The Panda Kaltura AWS Cluster – Backup

We have covered many topics on creating, managing and lowering the costs using Amazon AWS for a Kaltura video cluster. In this post we will cover backup and recovery using AWS services. When considering backup for your Kaltura AWS cluster, there are several parts to consider:

  • Video storage – which is probably on S3. This is the main body of data. S3 itself provides more than 99.99% guarantees against data loss, with triple replication (double in the case of Reduced Redundancy Storage). However, it is not suitable for backups since it is quite expansive.
  • EC2 instances and EBS Volumes – Your EC2 instances include your application data and code, including configuration files, or in the case of the Kaltura custom modifications to the server code.

There are several backup options, both using AWS services and third party, or writing some script yourself using the AWS API.


The Glacier service provides low cost storage for backup and archiving. It integrates well with S3. Both of the services offer dependable and highly durable storage for the Internet, but while Amazon S3 was designed for rapid retrieval, Glacier, trades off retrieval time for cost, providing storage for as little at $0.01 per Gigabyte per month while retrieving data within three to five hours.

You can set up automatic, policy-driven archiving to Glacier storage as your data ages. This is called a lifecycle rule.
First, you need to tell S3 which objects are to be archived, and under what conditions.

For example, you can set up a prefix for which the rule will apply. Then you set a relative or absolute time specifier and a time period for transitioning objects to Glacier. They can be relative (migrate items that are older than a certain number of days) or absolute (migrate items on a specific date)
An object age at which the object will be deleted from S3.
The objects that are moved to glacier will be deleted from S3, but their metadata will remain there. When listing your S3 bucket objects, you will see in the object storage class one of the following values:

  • STANDARD – 99.999999999% durability. S3’s default storage option.
  • RRS – 99.99% durability. S3’s Reduced Redundancy Storage option.
  • GLACIER – 99.999999999% durability, object archived in Glacier option.
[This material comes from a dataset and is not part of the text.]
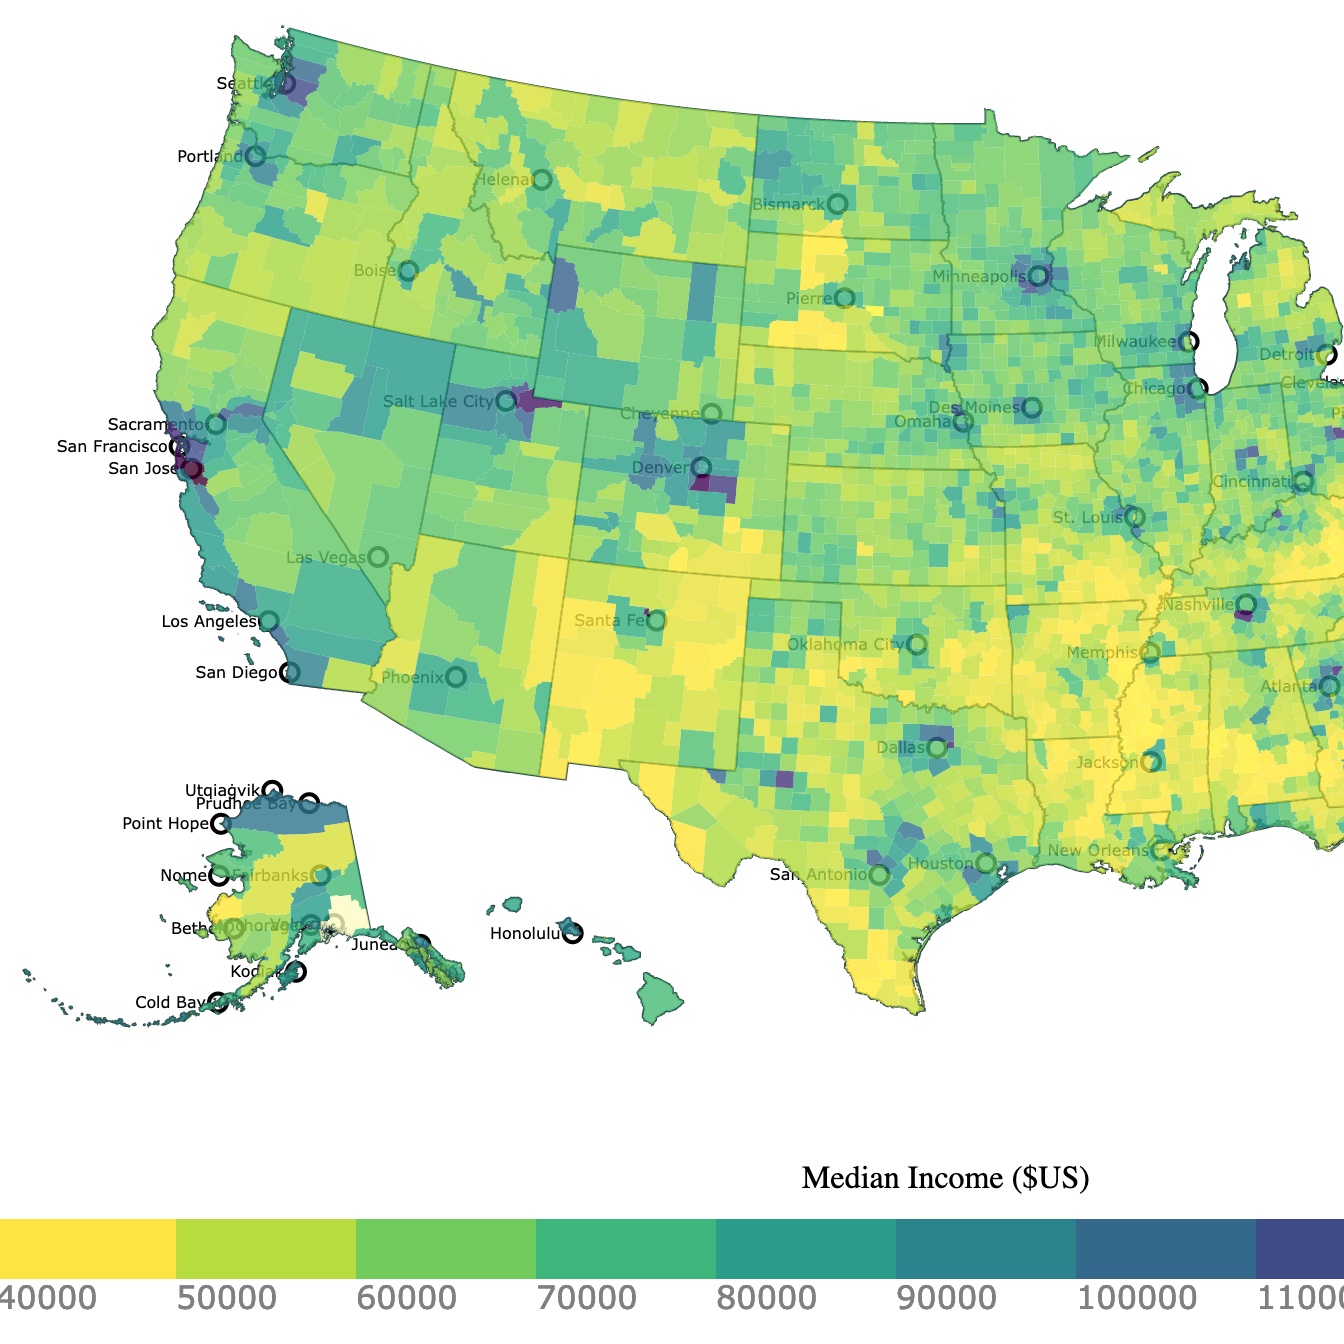 Map of U.S. Median Income

However, you cannot simply use a GET request for the object as you would if it were stored in S3. You need to first RESTORE it. This takes 3 to 5 hours, then it will be available in S3 RRS for a period you specify.
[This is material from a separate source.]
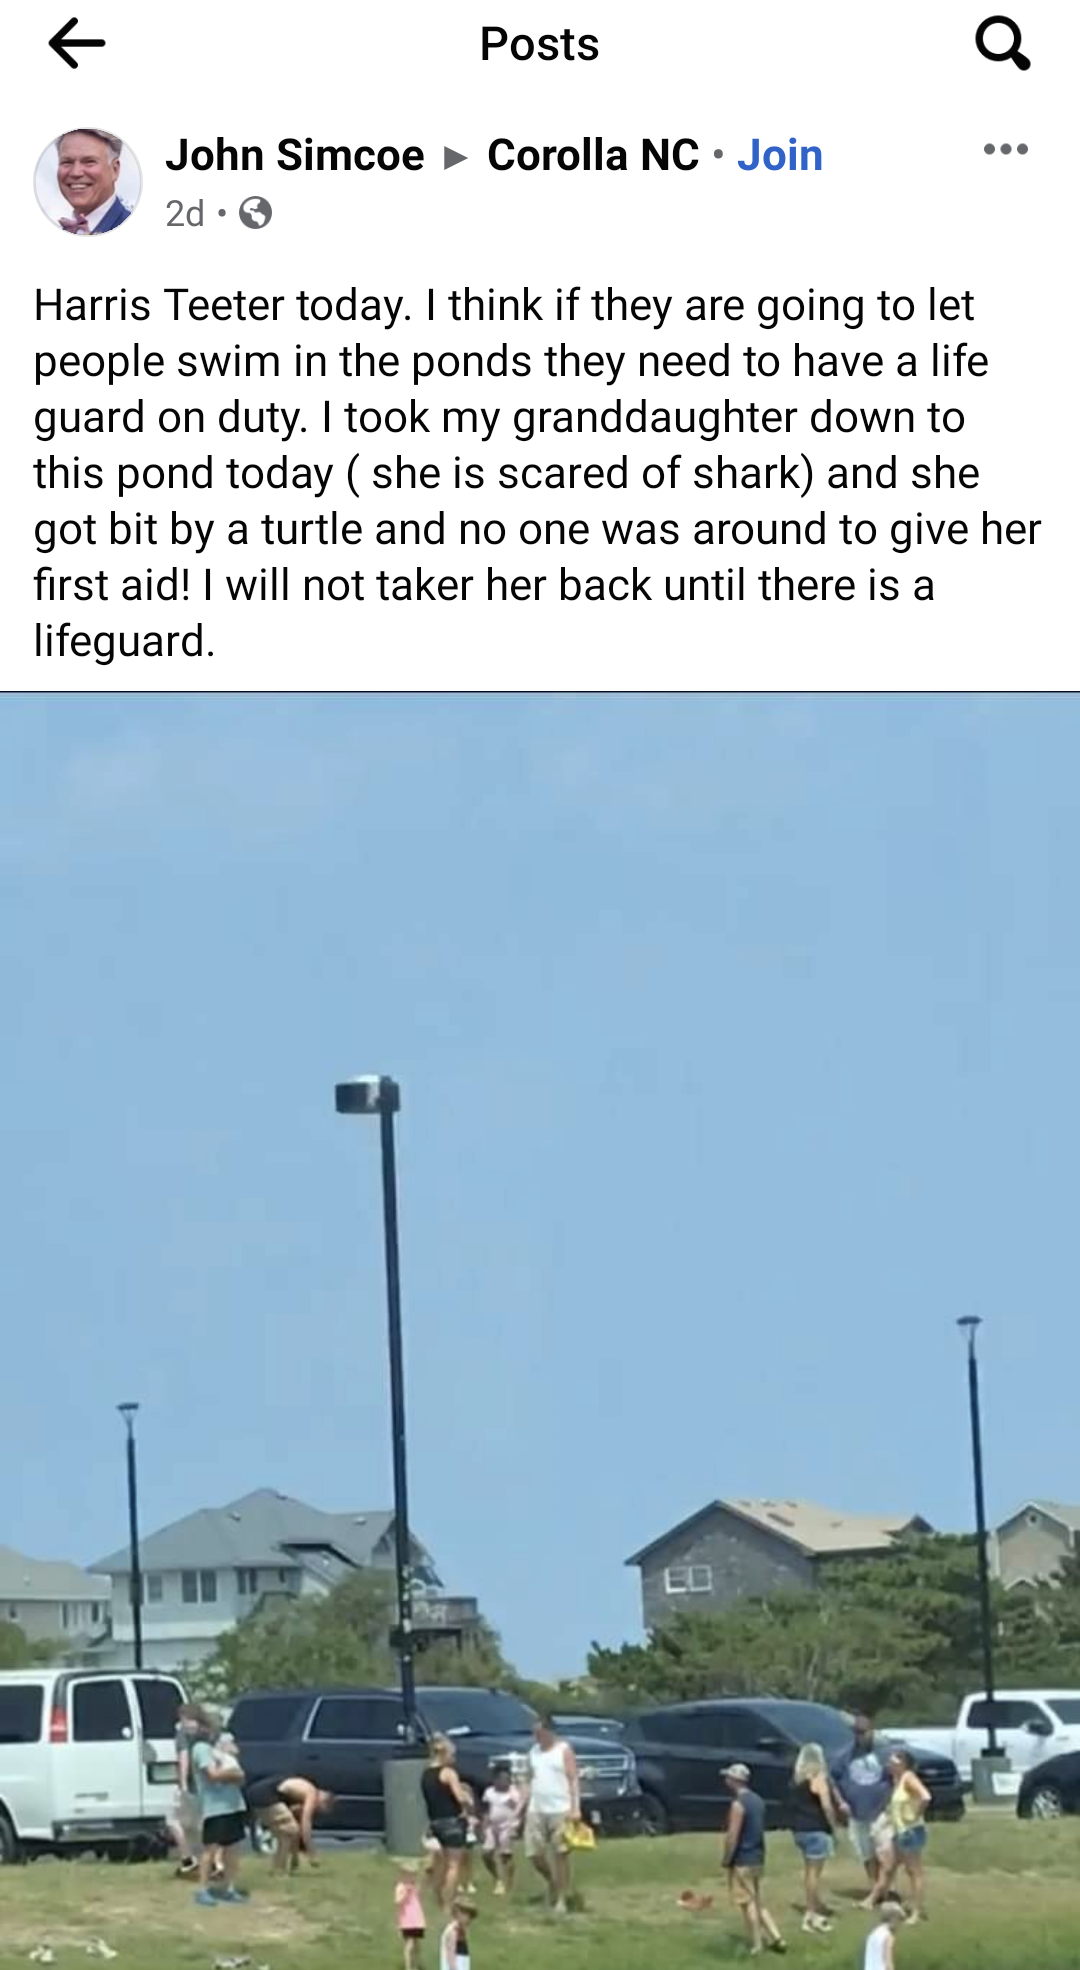 facebook post complaining that there was no a lifeguard at a lake so the man let his granddaughter swim and she was bit by a turtle

An AMI contains the information for launching an EC2 instance, including user data, installed software and OS configuration. It is a template of the root volume of an instance.

AMIs are best used with EBS backed instances and not with instance store instances due to more support in the API.

EBS Snapshots

EBS, or Elastic Block Store, provides your instances with fast and reliable storage. This is typically where your application code and configuration will be found. Amazon EBS volumes are designed to be highly available and reliable. Amazon EBS volume data is replicated across multiple servers in an Availability Zone to prevent the loss of data from the failure of any single component. EBS volumes are generally 10 times more reliable than typical commodity disk drives.

Amazon EBS provides the ability to create point-in-time consistent snapshots of your volumes that are then stored in Amazon S3, and automatically replicated across multiple Availability Zones. So, taking frequent snapshots of your volume is a convenient and cost effective way to increase the long term durability of your data. In the unlikely event that your Amazon EBS volume does fail, all snapshots of that volume will remain intact, and will allow you to recreate your volume from the last snapshot point.

Amazon EBS snapshots are incremental backups, meaning that only the blocks on the device that have changed since your last snapshot will be saved. If you have a device with 100 GBs of data, but only 5 GBs of data has changed since your last snapshot, only the 5 additional GBs of snapshot data will be stored back to Amazon S3. Even though the snapshots are saved incrementally, when you delete a snapshot, only the data not needed for any other snapshot is removed. So regardless of which prior snapshots have been deleted, all active snapshots will contain all the information needed to restore the volume. In addition, the time to restore the volume is the same for all snapshots, offering the restore time of full backups with the space savings of incremental.

Snapshots can also be used to instantiate multiple new volumes, expand the size of a volume or move volumes across Availability Zones. When a new volume is created, there is the option to create it based on an existing Amazon S3 snapshot. In that scenario, the new volume begins as an exact replica of the original volume.

EBS Snapshots can also be shared, in a manner similar to AMIs. That means you can move them between accounts and regions easily.

When you snapshot an EBS volume, that snapshot is of the entire volume. Even if it was created from an AMI, your snapshot contains everything you need to create a new instance of the volume.

How a backup and restore process usually works on AWS:


  1. Create a AMI Image
  2. Create an EBS snapshot (of the volume attached to the instance)


  1. Create an EBS backed instance using the backup AMI
  2. Attach the EBS volume to instance created

Other options

You can of course create simple script using the AWS command line tools to create snapshots or AMIs using a cron job, and delete old ones.

There are also many third party solutions, which can automate the process for you.